START GIVEN MATERIAL

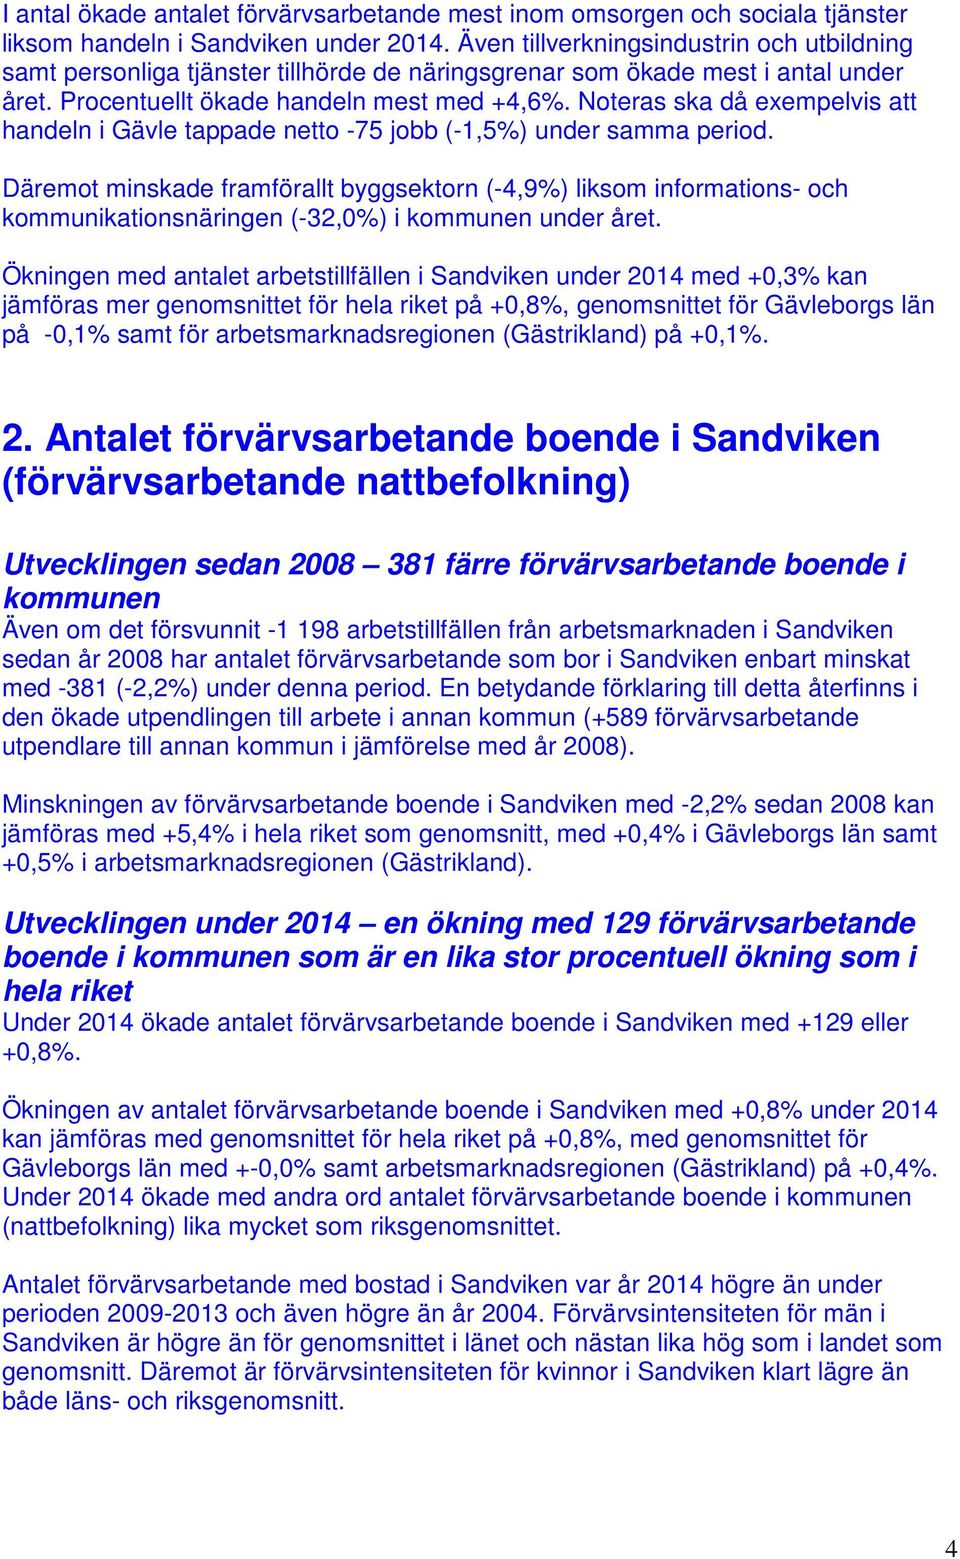 Noteras ska då exempelvis att handeln i Gävle tappade netto -75 jobb (-1,5%) under samma period.
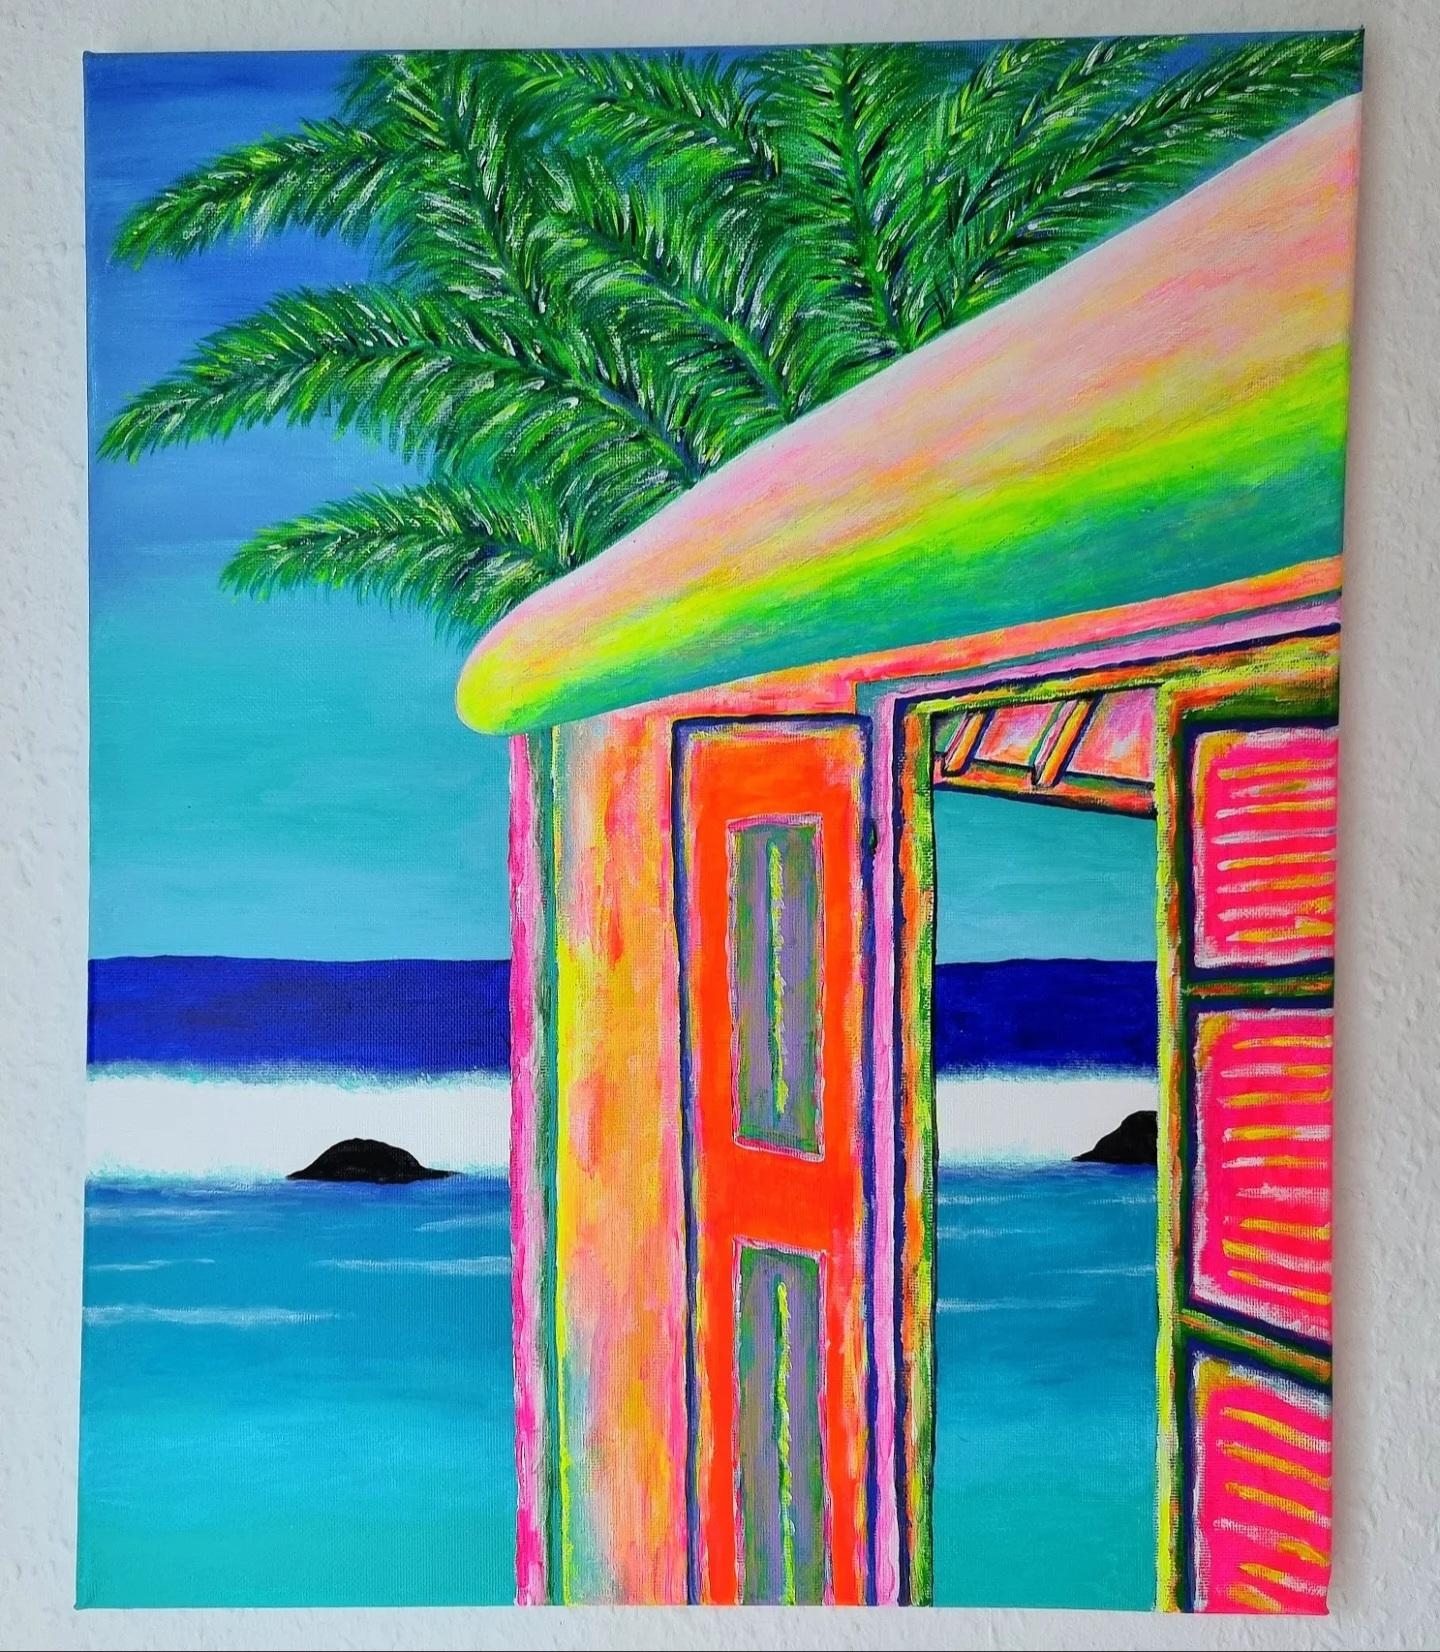 Dann habe ich mir eben den #Sommer gemalt ✌️, wenn er schon so pausiert.. #Diy #Wandgestaltung #Deko #Wohnzimmer #Farbe
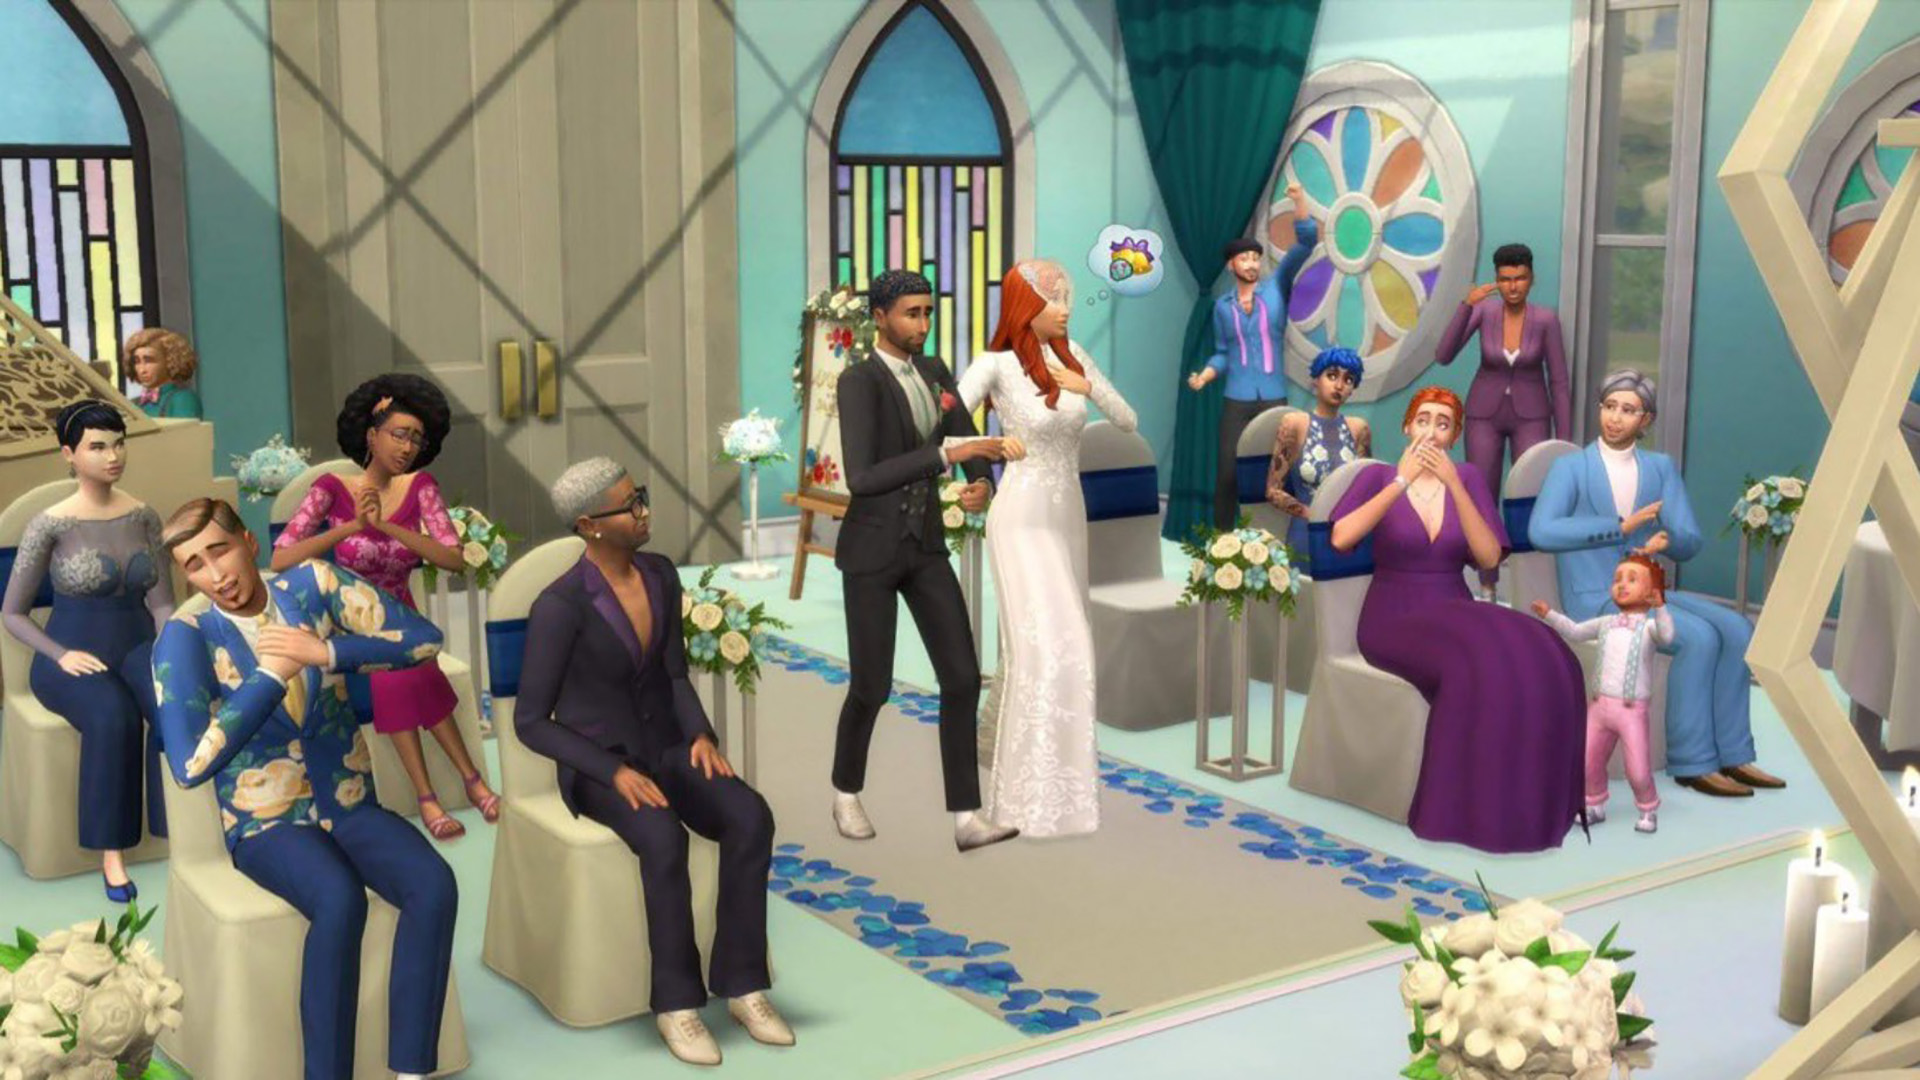 หลุดข้อมูลเนื้อหาเสริมใหม่ของ The Sims 4 ที่มาในธีมแต่งงาน
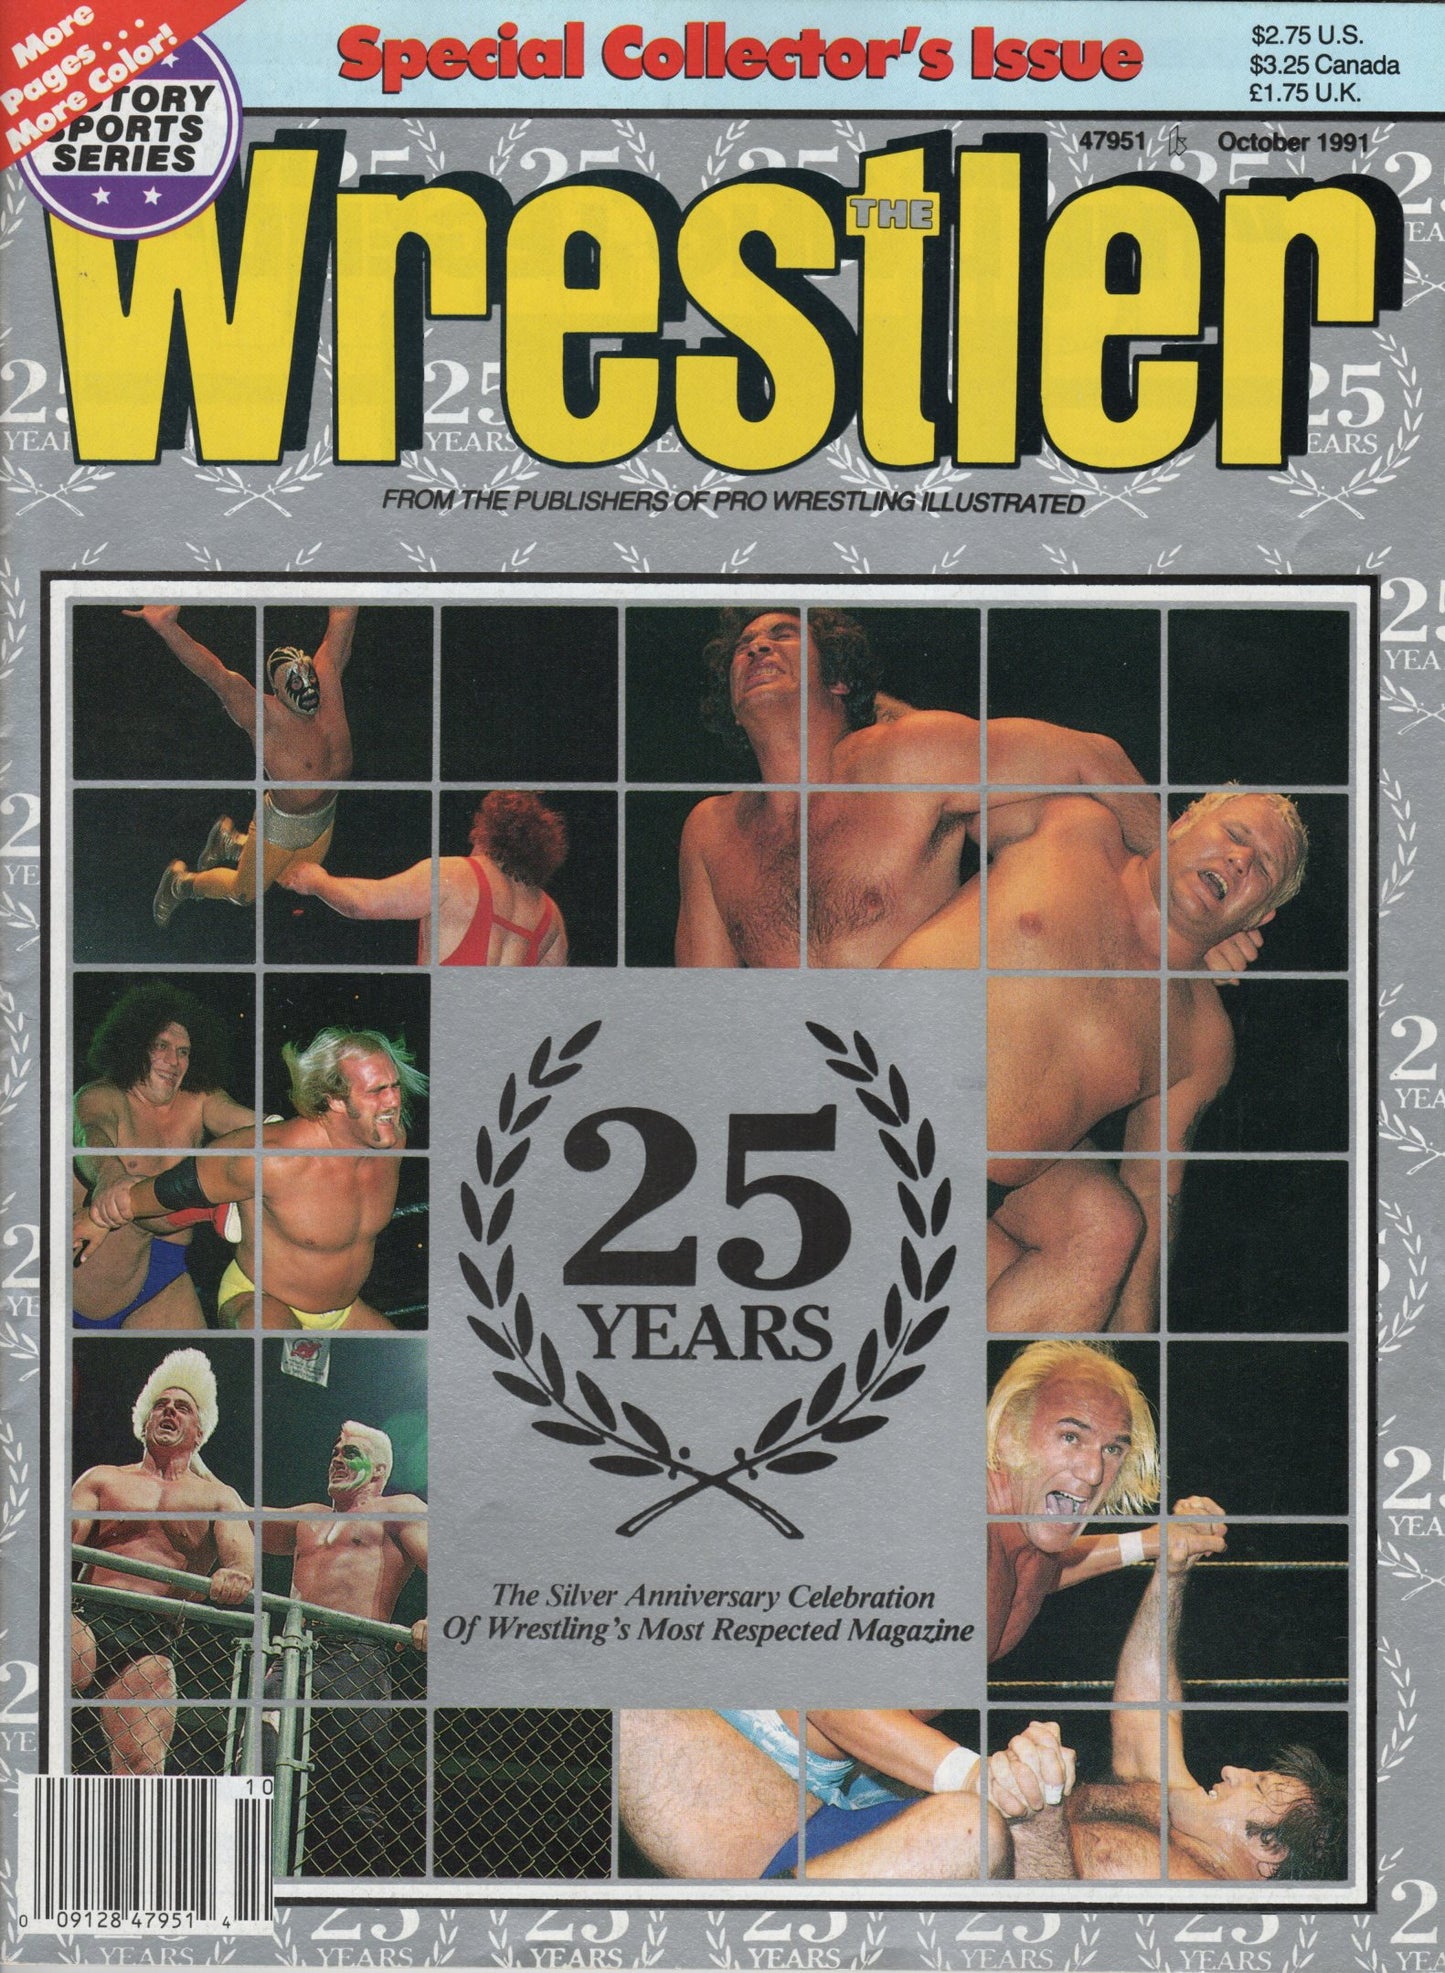 The Wrestler Magazine October 1991

END GIVEN MATERIAL

__AIM OF THE EXERCISE__
Beginning with the line that holds "หลุดข้อมูลเนื้อหาเสริมใหม่ของ The Sims", output each line to the end of the material above, exactly, omitting the pictures.

__YOUR SOLUTION__
 หลุดข้อมูลเนื้อหาเสริมใหม่ของ The Sims 4 ที่มาในธีมแต่งงาน
 The Wrestler Magazine October 1991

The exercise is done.